Reproduce the entries shown below only from the line with "Asbestos In The" down to the line with "Lelie syndroom liefde", keeping both end lines and copying each one exactly.

**Information supplied**

::::

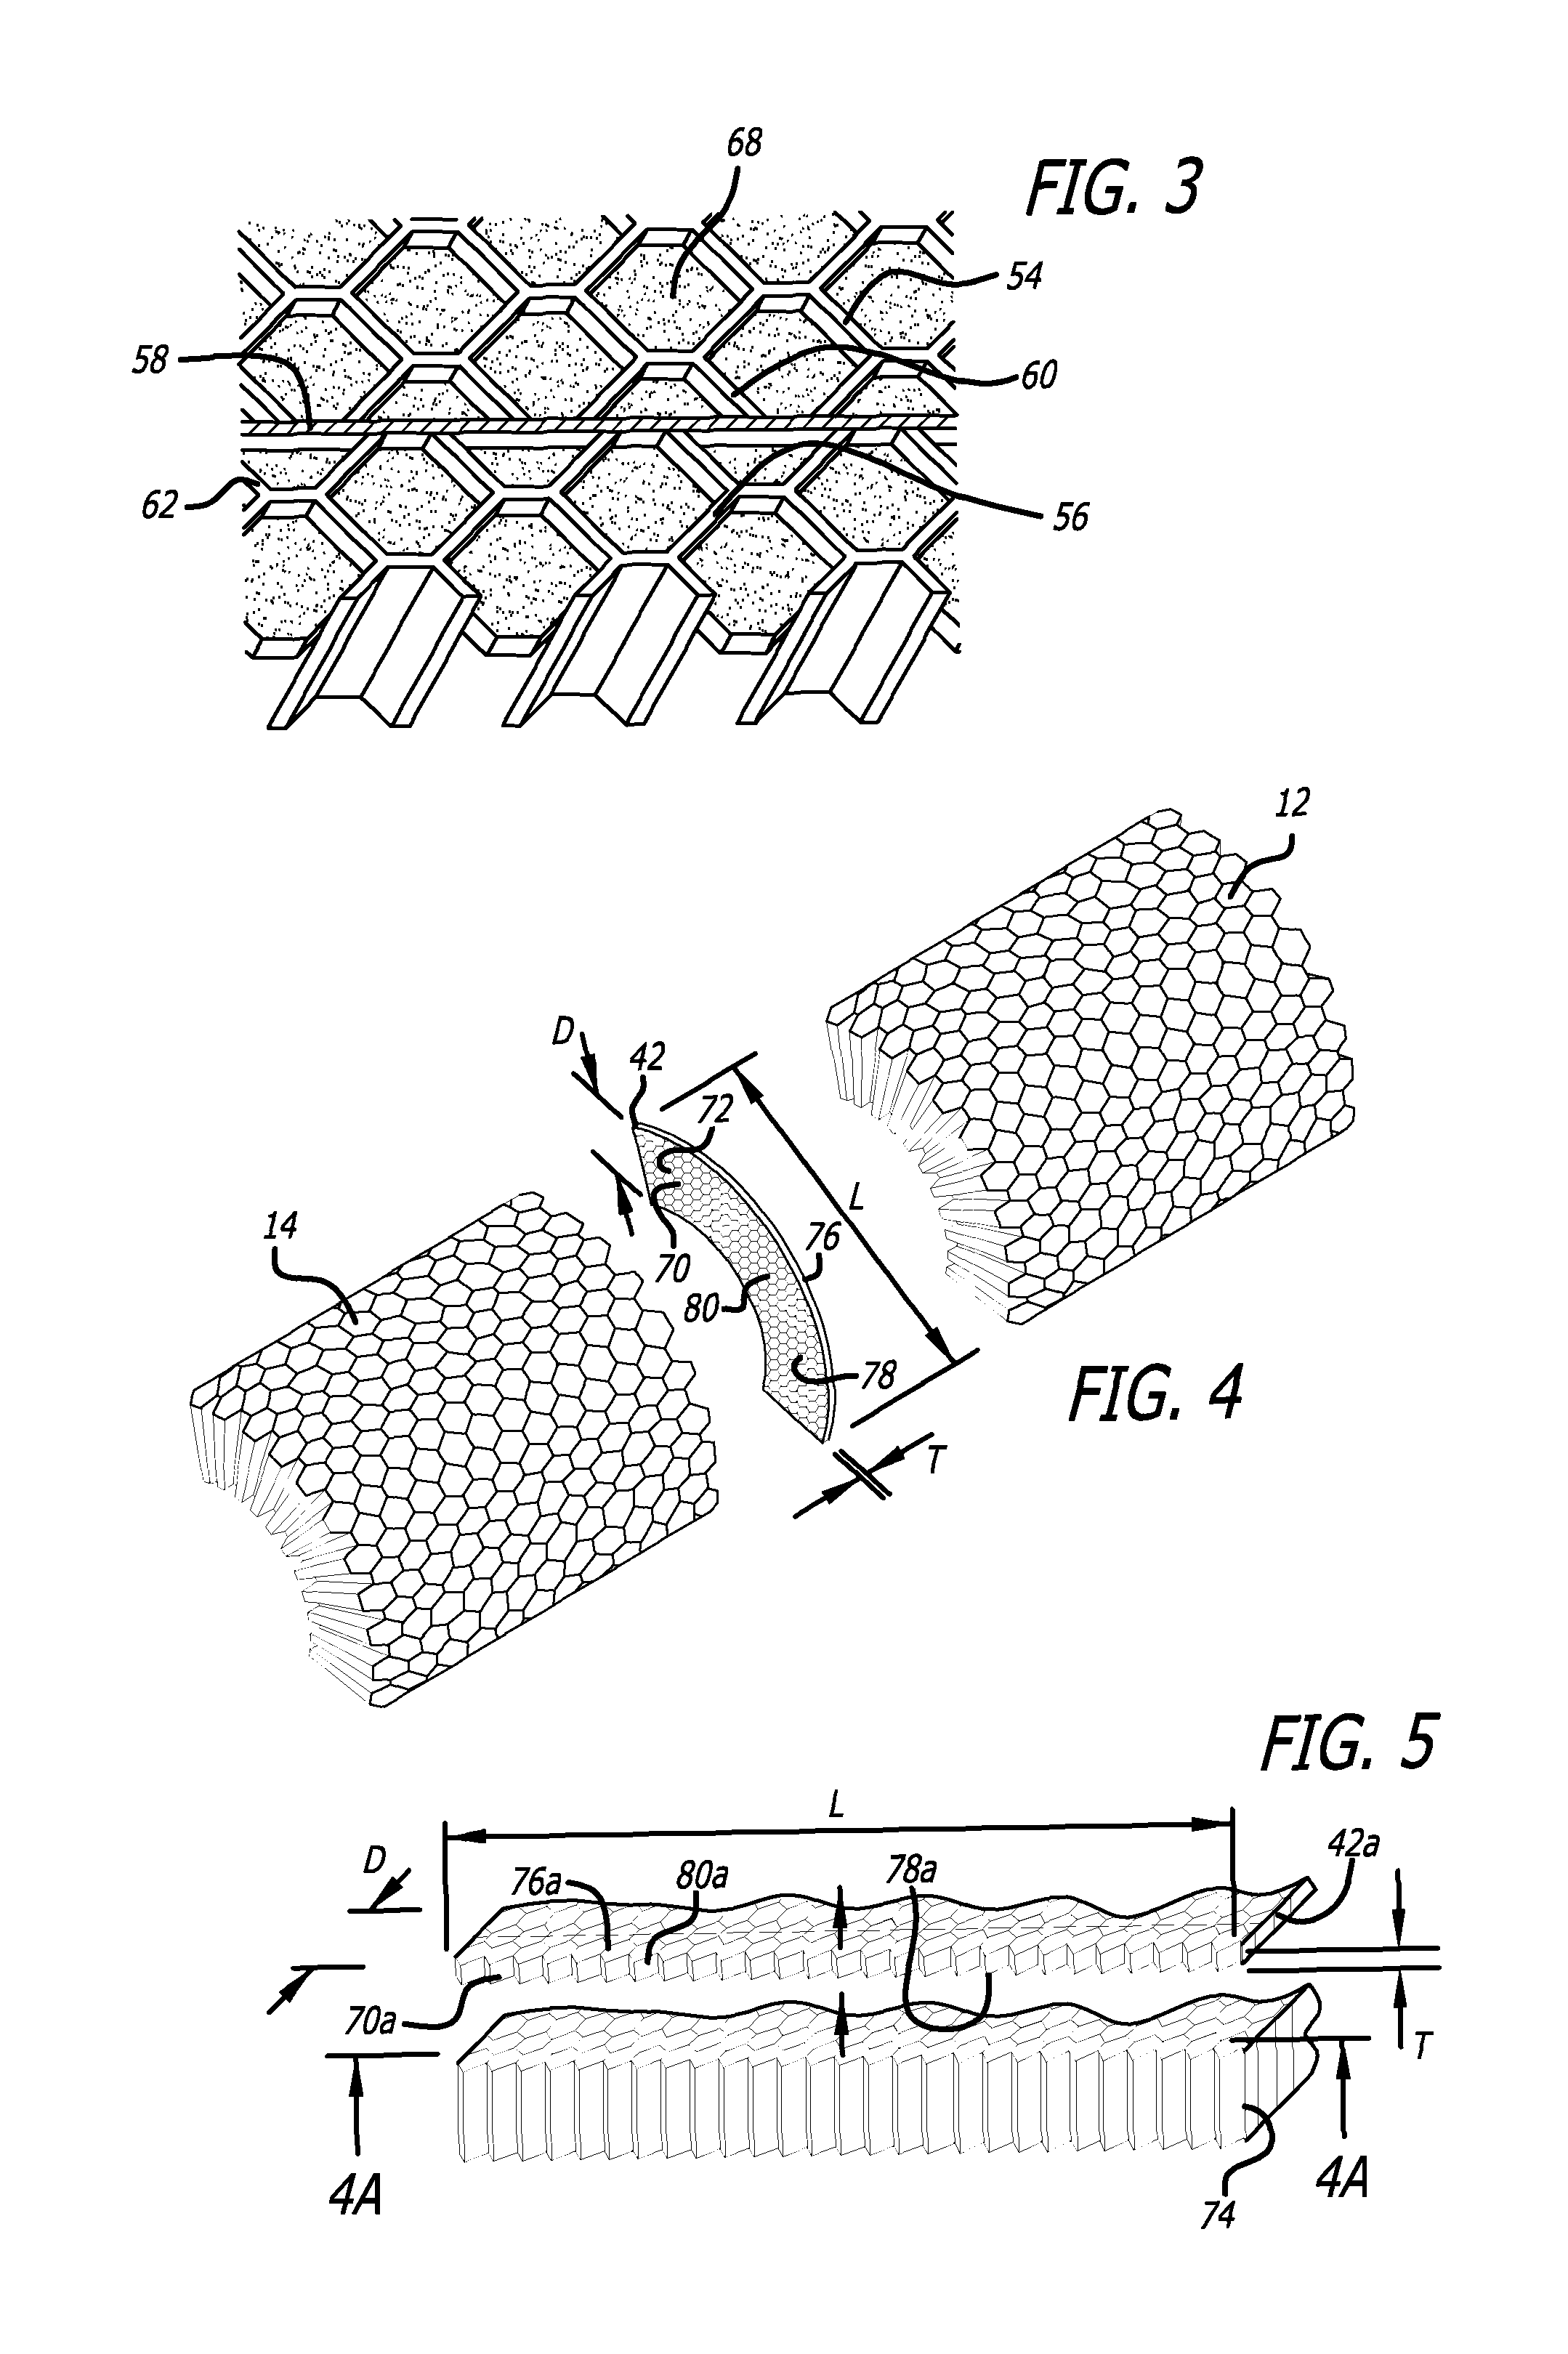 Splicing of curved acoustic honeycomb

::::

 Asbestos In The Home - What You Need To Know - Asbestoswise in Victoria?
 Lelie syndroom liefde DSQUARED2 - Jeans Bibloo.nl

::::

**Output of the exercise**
 Asbestos In The Home - What You Need To Know - Asbestoswise in Victoria?
 Lelie syndroom liefde DSQUARED2 - Jeans Bibloo.nl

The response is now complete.